Characterization of the position and mass of the localized subhalo based on our model of lens LS. Top left: ψpix model, from which we assign the detected subhalo position to the minimum of the clear negative feature, in good agreement with the input subhalo position. Top right: pixelated convergence model κpix obtained from the ψpix model. We indicate the fiducial pixelated region within which we compute the subhalo mass, defined as the pixels with S/N(ψpix) > 3 (see also the bottom panel of Fig. 5). A smaller region corresponding to S/N(ψpix) > 5 is also shown, in dashed lines. Bottom: posterior distributions of the subhalo mass, as estimated from the pixelated model, and from the refined model that replaces ψpix with a SIS profile for the subhalo. The two pairs of posterior distributions corresponding to each pixelated region are shown in continuous (S/N(ψpix) > 3) or dashed lines (S/N(ψpix) > 5). For each pixelated region, the black dotted line indicates the mass computed from the input convergence profile of the subhalo.

The mass of the subhalo is more difficult to estimate from our pixelated model. Nevertheless, achieving this would be powerful, as it does not require the choice of a specific shape for the subhalo mass distribution. We start by computing the surface mass density (i.e., the convergence) corresponding to each potential pixel using Eq. (3). This results in the pixelated convergence model κpix shown in the top right panel of Fig. 8. Next, we need to define a region in which to integrate κpix pixels before converting the surface mass density to proper solar mass units using Σcrit. As discussed in Sect. 3.1, input parameters of the subhalo correspond to a subhalo mass of about 109 within the Einstein radius of 0 . 07 $ 0{{\overset{\prime\prime}{.}}}07 $. As this scale is much smaller than a pixel of our ψpix model, we cannot rely on summing the convergence pixels.

We address this issue by considering a larger region within which the subhalo mass can be inferred for both the analytical and pixelated models. We select a high-significance region of the reconstruction that contains all pixels with S/N(ψpix) > 3 (see bottom left panel of Fig. 5). This region contains 15 convergence pixels, that we sum and convert to proper units to estimate the subhalo mass.
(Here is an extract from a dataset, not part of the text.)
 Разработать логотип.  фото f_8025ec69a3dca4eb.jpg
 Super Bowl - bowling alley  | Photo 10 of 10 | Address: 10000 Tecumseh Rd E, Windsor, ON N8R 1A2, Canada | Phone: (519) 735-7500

We repeat the same procedure for each sample of the joint posterior distribution (∼1300 samples) and find the distribution shown in the bottom panel of Fig. 8. To compare the inferred value with that of the input subhalo, we disctretize the input SIS profile by evaluating it on the same grid of pixels, and compute the mass as for the pixelated model. We note that the resulting “input” mass is lower than the one computed analytically within Einstein radius, because of the discretization of the SIS profile that diverges in the center.
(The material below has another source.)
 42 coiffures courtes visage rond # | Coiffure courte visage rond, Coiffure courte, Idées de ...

We find that the inferred mean value of the subhalo is lower than the measured mass on the input perturbations. In addition, we find that the amplitude of the disagreement is significantly affected by the choice of the region in which we integrate the convergence. For instance, considering only κpix pixels with S/N(ψpix) > 5 instead of 3 (6 pixels instead of 15) leads in fact to a very nice agreement with the input value. This assumption corresponds to the dashed-line histograms in Fig. 8. The main reason of the better agreement is that this smaller region essentially excludes the few pixels with negative convergence, seen in brown color in Fig. 8 (negative convergence pixels do have a physical meaning, as they indicate a local decrease of the lens mass relative to the smooth component). On one hand, this leads to a higher mass inferred from the model; on the other hand, the input value used as a reference is smaller, because it is computed within a smaller region. These two effects combined lead to an overall better agreement between the model and the input. We note that a similar behavior is observed when the ψpix regularization strength is too low (see Sect. 4.4). However, in this case, the pixelated convergence map is very noisy due to over-fitting the imaging data and the region inside which the subhalo mass is measured cannot be reliably defined.
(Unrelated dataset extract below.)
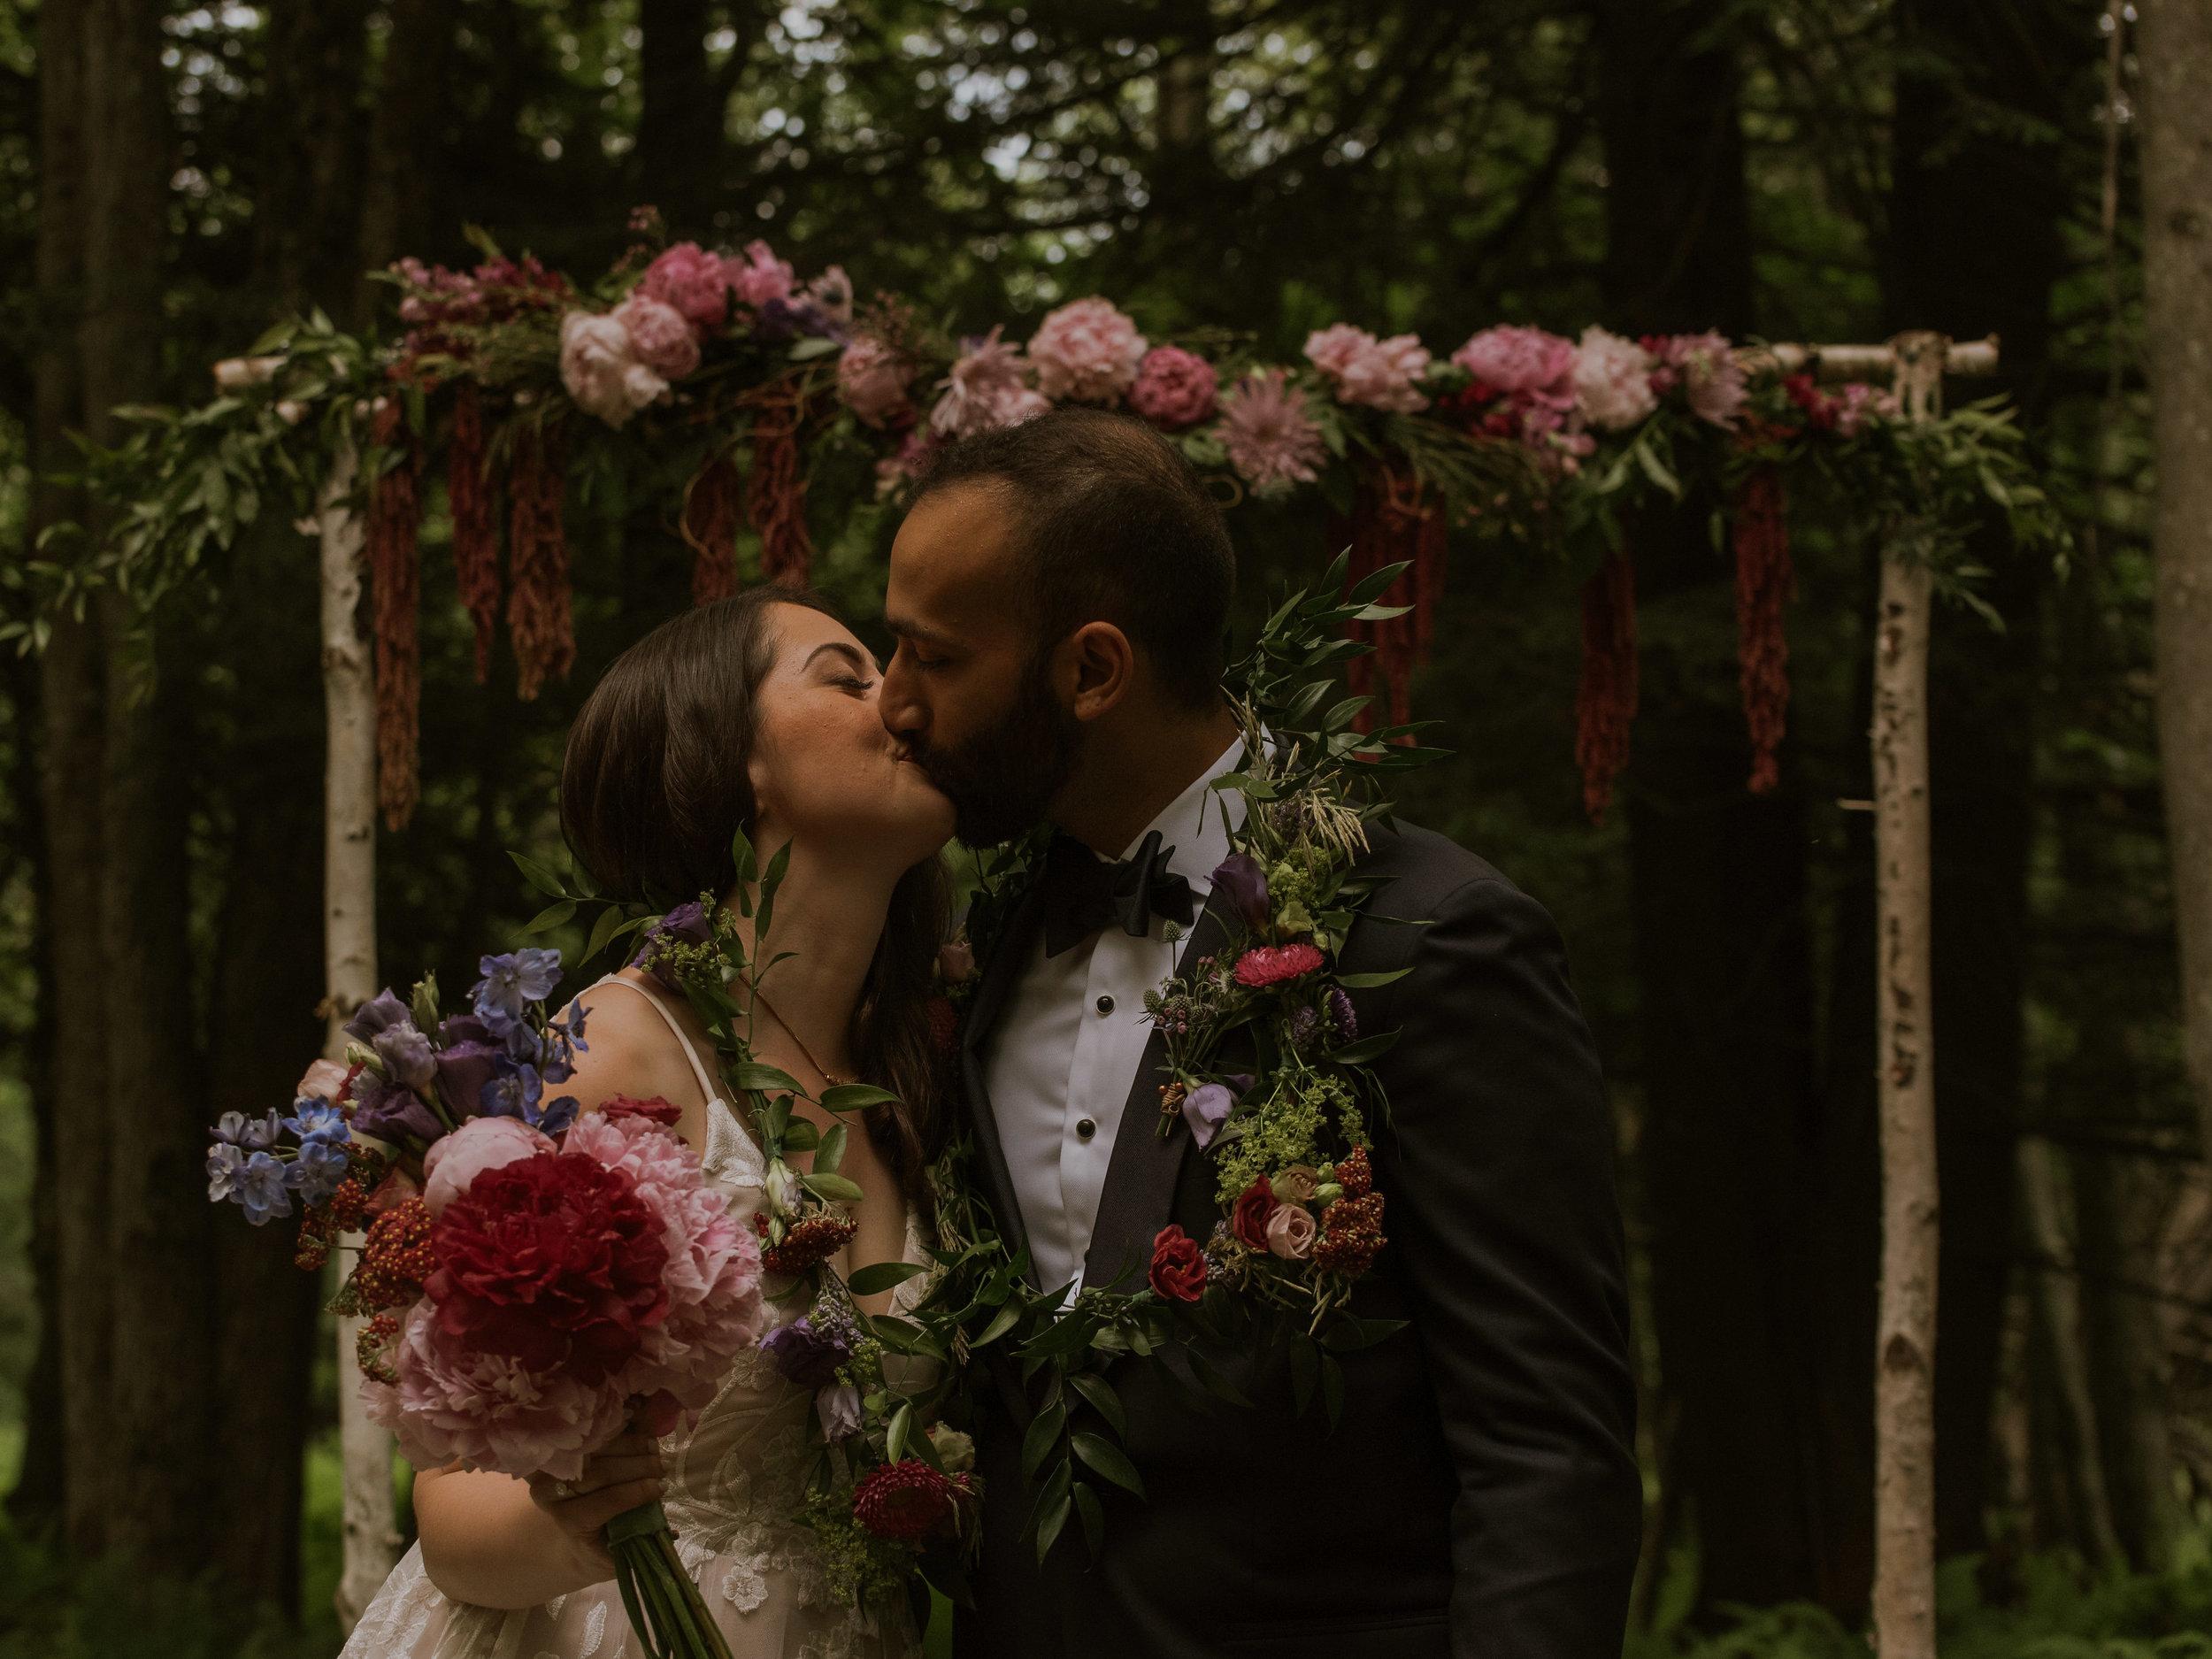 Cassandra-Anu-Wedding-Upstate-Catskills-Summer-Meadowlark-Stills-Lawrence-Braun-FINAL-0531.jpg

Measuring the mass directly from the pixelated model is therefore challenging and possibly depends on additional assumptions. Currently, a more robust approach is to infer the subhalo mass from our refined model, which is based on an analytical profile for the subhalo. After applying the same procedure, we obtain the resulting posterior distribution shown in purple in Fig. 8, which is in perfect agreement with the input. Again, this is not surprising, as the SIS profile reflects well the underlying shape of the subhalo. Nevertheless, these results showcase the requirement of stronger priors on the shape of the subhalo in order to infer unbiased properties. Additionally, for proper inference on real data, several works have demonstrated the need to carefully compare different choices of subhalo profiles (e.g., Çağan Şengül et al. 2022; Despali et al. 2022).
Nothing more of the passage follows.